* What this task involves: Transcribe word for word the lines below from the line with "Plusia Gamma L." through the line with "Letter N - 36", ends included.

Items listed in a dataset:
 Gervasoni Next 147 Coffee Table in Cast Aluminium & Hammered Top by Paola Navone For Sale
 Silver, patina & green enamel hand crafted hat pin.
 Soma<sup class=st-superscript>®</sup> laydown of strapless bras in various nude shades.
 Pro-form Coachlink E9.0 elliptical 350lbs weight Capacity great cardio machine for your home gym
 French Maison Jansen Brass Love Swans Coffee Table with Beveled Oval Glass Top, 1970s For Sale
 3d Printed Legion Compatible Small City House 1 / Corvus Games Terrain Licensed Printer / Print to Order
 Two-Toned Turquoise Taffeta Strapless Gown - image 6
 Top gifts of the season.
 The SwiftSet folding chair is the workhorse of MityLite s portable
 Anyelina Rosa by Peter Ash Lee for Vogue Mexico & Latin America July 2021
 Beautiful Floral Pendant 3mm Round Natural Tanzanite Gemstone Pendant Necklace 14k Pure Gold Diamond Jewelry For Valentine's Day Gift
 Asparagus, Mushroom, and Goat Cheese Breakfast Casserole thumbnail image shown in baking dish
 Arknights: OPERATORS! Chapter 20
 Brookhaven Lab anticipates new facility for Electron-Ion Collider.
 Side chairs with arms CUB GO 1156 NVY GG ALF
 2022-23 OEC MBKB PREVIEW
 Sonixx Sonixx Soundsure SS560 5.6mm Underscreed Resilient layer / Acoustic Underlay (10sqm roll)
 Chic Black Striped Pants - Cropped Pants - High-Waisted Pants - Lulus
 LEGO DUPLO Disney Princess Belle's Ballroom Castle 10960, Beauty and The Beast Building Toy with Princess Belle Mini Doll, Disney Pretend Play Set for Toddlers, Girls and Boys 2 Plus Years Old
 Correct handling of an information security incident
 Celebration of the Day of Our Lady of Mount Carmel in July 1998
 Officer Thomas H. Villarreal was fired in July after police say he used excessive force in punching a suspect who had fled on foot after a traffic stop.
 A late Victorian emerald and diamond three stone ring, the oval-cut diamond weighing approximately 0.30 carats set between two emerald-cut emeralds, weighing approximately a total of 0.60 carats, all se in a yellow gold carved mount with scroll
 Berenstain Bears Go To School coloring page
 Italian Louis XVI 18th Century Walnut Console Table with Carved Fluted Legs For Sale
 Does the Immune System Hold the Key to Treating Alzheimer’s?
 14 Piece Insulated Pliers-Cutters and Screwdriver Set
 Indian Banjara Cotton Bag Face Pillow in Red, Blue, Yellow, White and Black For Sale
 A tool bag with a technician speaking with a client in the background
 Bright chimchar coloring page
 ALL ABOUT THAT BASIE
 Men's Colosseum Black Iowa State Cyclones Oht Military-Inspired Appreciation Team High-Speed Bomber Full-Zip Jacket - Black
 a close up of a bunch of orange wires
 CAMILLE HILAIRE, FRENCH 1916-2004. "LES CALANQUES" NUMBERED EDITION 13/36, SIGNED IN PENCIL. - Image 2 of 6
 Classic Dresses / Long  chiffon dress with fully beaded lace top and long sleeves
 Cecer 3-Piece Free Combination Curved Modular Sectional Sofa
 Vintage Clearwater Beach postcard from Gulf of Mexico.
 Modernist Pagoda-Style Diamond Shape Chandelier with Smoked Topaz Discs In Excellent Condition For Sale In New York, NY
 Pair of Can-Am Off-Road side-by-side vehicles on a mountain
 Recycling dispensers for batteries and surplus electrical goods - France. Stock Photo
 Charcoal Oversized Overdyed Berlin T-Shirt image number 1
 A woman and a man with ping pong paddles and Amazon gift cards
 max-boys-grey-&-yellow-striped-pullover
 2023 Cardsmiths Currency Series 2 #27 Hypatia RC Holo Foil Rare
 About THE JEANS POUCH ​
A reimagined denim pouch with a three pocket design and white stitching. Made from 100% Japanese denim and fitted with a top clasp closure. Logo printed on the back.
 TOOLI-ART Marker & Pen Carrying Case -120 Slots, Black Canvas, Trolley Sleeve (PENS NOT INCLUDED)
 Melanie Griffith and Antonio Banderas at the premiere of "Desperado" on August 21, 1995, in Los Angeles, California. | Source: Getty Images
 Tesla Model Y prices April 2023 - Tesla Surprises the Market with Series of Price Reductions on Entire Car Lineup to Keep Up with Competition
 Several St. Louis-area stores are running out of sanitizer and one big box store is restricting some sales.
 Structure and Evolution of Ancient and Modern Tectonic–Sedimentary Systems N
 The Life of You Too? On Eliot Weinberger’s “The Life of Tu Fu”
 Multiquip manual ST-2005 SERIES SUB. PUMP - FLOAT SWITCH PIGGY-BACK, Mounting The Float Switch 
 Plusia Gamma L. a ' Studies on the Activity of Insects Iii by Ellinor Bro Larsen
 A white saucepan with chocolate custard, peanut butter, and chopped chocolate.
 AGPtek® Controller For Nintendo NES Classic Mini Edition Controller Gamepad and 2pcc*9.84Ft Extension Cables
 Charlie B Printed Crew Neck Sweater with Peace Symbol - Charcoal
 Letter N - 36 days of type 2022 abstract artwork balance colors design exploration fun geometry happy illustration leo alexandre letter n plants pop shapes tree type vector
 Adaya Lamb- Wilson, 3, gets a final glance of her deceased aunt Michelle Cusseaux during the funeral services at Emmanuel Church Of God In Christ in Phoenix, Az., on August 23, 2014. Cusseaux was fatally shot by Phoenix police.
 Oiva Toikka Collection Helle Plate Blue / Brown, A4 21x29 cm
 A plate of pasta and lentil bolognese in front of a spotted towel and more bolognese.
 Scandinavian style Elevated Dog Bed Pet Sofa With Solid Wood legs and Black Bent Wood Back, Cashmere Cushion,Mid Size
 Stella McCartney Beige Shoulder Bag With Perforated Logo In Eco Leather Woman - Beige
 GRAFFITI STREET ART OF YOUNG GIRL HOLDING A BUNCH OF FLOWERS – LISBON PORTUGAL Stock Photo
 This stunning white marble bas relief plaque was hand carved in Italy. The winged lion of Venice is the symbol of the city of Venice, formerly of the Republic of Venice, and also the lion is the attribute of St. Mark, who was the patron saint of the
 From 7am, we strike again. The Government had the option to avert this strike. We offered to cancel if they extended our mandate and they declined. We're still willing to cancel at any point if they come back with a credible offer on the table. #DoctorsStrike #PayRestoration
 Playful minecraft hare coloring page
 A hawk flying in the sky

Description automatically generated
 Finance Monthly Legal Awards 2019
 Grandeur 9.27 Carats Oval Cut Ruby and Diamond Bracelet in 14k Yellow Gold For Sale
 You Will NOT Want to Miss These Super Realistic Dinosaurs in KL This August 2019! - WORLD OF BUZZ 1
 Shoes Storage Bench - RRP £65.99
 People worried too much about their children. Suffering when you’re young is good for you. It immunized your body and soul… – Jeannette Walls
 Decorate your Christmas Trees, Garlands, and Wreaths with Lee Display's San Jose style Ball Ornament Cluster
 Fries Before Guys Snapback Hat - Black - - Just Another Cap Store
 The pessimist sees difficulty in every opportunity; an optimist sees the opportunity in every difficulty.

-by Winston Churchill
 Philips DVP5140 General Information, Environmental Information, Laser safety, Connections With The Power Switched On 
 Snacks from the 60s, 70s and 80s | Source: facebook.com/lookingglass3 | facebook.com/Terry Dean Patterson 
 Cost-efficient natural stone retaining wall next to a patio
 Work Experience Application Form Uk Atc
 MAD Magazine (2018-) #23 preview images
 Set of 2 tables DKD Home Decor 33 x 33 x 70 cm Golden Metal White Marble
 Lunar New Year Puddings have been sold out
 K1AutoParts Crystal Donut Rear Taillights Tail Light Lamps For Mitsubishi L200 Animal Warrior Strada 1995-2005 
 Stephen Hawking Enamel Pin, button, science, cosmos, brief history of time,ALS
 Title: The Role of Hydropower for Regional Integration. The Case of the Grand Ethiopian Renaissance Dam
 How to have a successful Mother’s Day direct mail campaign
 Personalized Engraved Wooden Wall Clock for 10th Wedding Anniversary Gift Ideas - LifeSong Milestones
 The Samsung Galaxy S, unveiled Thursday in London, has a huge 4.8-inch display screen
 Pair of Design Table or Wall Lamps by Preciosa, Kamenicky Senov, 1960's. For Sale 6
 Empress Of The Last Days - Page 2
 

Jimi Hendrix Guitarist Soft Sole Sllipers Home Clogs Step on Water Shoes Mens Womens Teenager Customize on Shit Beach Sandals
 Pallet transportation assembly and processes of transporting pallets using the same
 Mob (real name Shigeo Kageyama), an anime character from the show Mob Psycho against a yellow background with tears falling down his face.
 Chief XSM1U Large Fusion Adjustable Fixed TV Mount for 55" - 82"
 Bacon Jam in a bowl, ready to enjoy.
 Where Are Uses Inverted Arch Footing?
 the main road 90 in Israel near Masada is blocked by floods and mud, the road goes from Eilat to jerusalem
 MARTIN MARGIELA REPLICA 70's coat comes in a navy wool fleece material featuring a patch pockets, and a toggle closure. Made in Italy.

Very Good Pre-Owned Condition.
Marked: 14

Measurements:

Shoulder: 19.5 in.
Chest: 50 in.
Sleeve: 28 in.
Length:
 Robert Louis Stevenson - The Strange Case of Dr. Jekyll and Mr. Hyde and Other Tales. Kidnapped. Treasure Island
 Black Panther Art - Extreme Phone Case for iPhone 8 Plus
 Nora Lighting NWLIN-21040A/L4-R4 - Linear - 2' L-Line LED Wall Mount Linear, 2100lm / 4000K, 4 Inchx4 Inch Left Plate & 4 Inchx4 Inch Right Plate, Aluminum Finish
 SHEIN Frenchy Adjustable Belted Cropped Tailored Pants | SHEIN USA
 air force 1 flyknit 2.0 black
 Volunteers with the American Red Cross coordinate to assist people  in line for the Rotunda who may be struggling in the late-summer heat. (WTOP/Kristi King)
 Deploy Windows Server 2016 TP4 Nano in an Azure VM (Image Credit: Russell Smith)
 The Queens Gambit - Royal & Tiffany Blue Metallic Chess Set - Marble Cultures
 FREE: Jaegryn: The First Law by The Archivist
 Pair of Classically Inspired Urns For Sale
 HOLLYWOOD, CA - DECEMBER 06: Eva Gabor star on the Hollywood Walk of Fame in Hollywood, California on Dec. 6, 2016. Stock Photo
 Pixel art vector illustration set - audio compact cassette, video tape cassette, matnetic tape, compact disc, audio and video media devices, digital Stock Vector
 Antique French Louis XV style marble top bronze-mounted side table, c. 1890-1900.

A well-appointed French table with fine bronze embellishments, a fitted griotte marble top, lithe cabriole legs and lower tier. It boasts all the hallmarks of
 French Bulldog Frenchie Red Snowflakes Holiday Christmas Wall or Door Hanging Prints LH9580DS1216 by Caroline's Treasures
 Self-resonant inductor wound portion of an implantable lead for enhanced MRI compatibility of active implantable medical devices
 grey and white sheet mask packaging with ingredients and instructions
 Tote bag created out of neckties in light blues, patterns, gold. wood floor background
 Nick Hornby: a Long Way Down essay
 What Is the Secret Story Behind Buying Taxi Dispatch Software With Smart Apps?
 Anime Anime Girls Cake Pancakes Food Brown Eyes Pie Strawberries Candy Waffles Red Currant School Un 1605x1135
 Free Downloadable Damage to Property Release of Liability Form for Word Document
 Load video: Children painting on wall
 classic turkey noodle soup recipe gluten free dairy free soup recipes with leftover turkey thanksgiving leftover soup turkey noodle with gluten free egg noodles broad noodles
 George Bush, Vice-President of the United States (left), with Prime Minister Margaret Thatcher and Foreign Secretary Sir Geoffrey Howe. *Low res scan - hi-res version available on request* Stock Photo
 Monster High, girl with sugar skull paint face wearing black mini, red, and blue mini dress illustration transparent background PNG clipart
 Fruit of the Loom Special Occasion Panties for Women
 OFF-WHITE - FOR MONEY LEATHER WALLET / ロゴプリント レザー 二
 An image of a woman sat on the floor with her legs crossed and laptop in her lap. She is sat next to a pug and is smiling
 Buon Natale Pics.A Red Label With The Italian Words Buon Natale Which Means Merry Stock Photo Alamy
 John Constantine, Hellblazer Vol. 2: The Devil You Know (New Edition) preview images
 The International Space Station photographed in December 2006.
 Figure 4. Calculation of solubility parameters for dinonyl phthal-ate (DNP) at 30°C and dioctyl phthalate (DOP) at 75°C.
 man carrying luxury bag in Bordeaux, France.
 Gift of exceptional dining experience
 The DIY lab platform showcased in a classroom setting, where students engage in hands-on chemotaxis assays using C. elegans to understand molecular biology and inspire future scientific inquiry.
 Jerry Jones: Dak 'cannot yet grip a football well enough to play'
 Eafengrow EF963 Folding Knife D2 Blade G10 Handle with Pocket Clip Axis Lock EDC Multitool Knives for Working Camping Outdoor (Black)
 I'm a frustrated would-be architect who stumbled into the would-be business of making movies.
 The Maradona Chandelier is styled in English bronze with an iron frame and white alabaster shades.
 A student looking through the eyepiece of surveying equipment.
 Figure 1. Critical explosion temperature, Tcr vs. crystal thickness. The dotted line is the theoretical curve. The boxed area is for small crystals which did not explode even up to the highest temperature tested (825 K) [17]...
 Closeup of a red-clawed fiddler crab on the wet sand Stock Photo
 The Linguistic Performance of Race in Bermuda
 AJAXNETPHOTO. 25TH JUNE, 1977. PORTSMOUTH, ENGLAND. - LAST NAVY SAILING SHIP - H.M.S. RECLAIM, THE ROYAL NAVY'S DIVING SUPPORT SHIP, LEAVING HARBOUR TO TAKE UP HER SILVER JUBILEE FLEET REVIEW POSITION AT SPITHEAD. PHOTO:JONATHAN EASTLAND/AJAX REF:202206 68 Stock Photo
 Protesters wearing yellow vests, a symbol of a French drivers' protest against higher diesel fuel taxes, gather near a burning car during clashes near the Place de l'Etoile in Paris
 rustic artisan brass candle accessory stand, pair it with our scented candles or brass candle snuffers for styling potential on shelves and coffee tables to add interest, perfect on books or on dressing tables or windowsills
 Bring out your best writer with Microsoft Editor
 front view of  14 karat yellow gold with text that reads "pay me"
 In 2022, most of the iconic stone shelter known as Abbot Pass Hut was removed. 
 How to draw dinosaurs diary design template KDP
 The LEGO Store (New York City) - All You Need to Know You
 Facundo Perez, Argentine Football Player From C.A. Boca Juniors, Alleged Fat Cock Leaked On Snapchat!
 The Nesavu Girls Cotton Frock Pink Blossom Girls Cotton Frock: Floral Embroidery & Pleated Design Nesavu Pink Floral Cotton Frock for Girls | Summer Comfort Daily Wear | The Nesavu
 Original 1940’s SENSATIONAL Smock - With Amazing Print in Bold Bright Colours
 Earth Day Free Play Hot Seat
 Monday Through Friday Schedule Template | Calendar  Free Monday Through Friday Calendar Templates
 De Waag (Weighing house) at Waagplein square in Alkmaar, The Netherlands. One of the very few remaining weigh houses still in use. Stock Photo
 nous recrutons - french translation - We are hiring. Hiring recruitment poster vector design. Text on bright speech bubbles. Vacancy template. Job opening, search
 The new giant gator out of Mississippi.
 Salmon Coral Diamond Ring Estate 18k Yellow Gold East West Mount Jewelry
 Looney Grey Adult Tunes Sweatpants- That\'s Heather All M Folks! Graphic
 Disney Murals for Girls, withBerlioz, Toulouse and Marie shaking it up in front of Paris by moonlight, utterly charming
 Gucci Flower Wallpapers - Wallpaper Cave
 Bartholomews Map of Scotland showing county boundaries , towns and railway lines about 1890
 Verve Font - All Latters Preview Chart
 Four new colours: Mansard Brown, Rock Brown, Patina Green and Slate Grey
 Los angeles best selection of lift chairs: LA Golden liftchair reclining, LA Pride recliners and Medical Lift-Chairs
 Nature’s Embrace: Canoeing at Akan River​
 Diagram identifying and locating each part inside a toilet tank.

* Problem solution:
 Plusia Gamma L. a ' Studies on the Activity of Insects Iii by Ellinor Bro Larsen
 A white saucepan with chocolate custard, peanut butter, and chopped chocolate.
 AGPtek® Controller For Nintendo NES Classic Mini Edition Controller Gamepad and 2pcc*9.84Ft Extension Cables
 Charlie B Printed Crew Neck Sweater with Peace Symbol - Charcoal
 Letter N - 36 days of type 2022 abstract artwork balance colors design exploration fun geometry happy illustration leo alexandre letter n plants pop shapes tree type vector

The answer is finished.